Identification of the first deletion in the LRP5 gene in a patient with Autosomal Dominant Osteopetrosis type I

Alessandra Pangrazio a,b,1, Eveline Boudin c,1, Elke Piters c, Giuseppe Damante d, Nadia Lo Iacono a,b, Angela Valentina D'Elia d, Paolo Vezzoni a,b, Wim Van Hul c, Anna Villa a,b, Cristina Sobacchi a,b,
PMCID: PMC3149657  PMID: 21600326

Abstract

In the last decade, the low-density lipoprotein receptor-related protein 5 (LRP5) gene, coding for a coreceptor in the canonical Wnt signalling pathway, has been shown to play an important role in regulating bone mass and to be involved in the pathogenesis of several bone disorders. Here we describe a patient who presented with a clinical picture of Autosomal Dominant Osteopetrosis type I (ADO I), in whom we could identify the first deletion in the LRP5 gene causing increased bone mass.
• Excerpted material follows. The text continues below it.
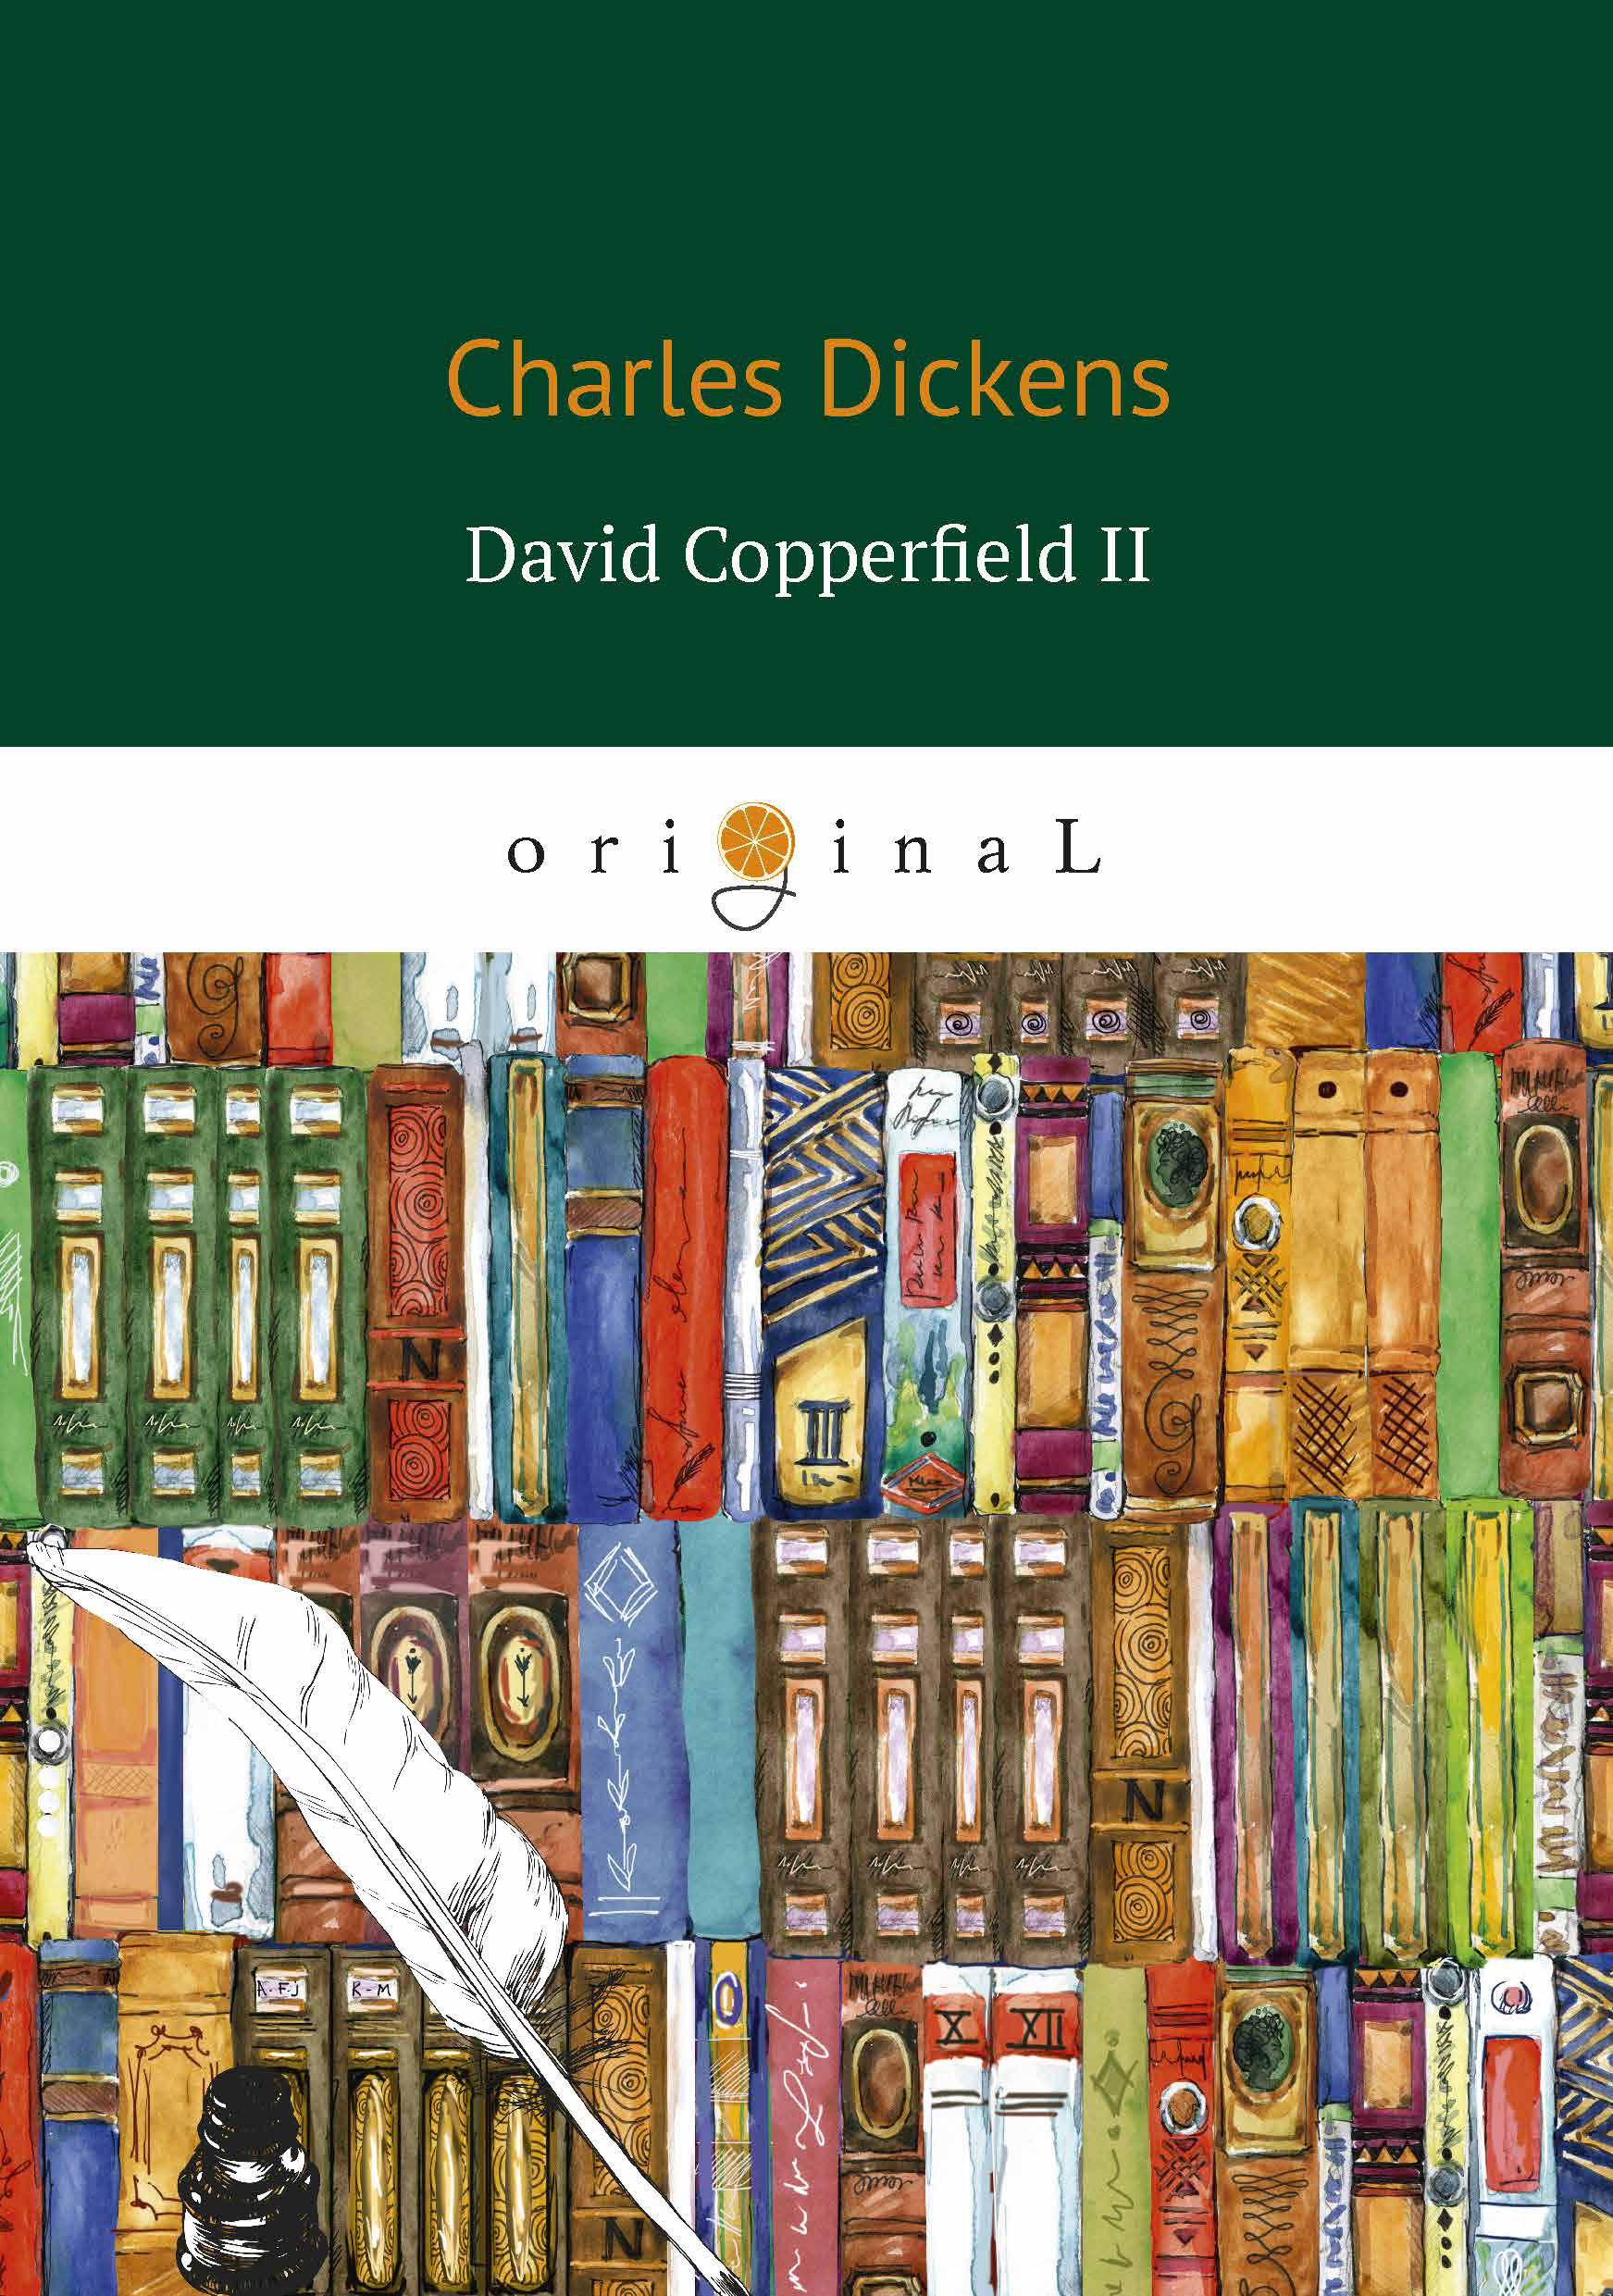 Книга David Copperfield II из серии , созданная Чарльз Диккенс, может относится к жанру Зарубежная классика, Литература 19 века. Стоимость электронной книги David Copperfield II с идентификатором 32543775 составляет 199.00 руб.

This mutation caused the in-frame deletion of two amino acids in the fourth blade of the first propeller of the protein, namely the highly conserved glycine at position 171 and the following glutamate residue. In vitro studies suggested that the pathogenic effect of this novel mutation could be due to a decreased inhibition of Wnt signalling by the antagonistic proteins sclerostin and Dickkopf-1, encoded respectively by the SOST and DKK1 genes, in the presence of mutated LRP5. Our results highlight an increasing molecular heterogeneity in LRP5-related bone diseases.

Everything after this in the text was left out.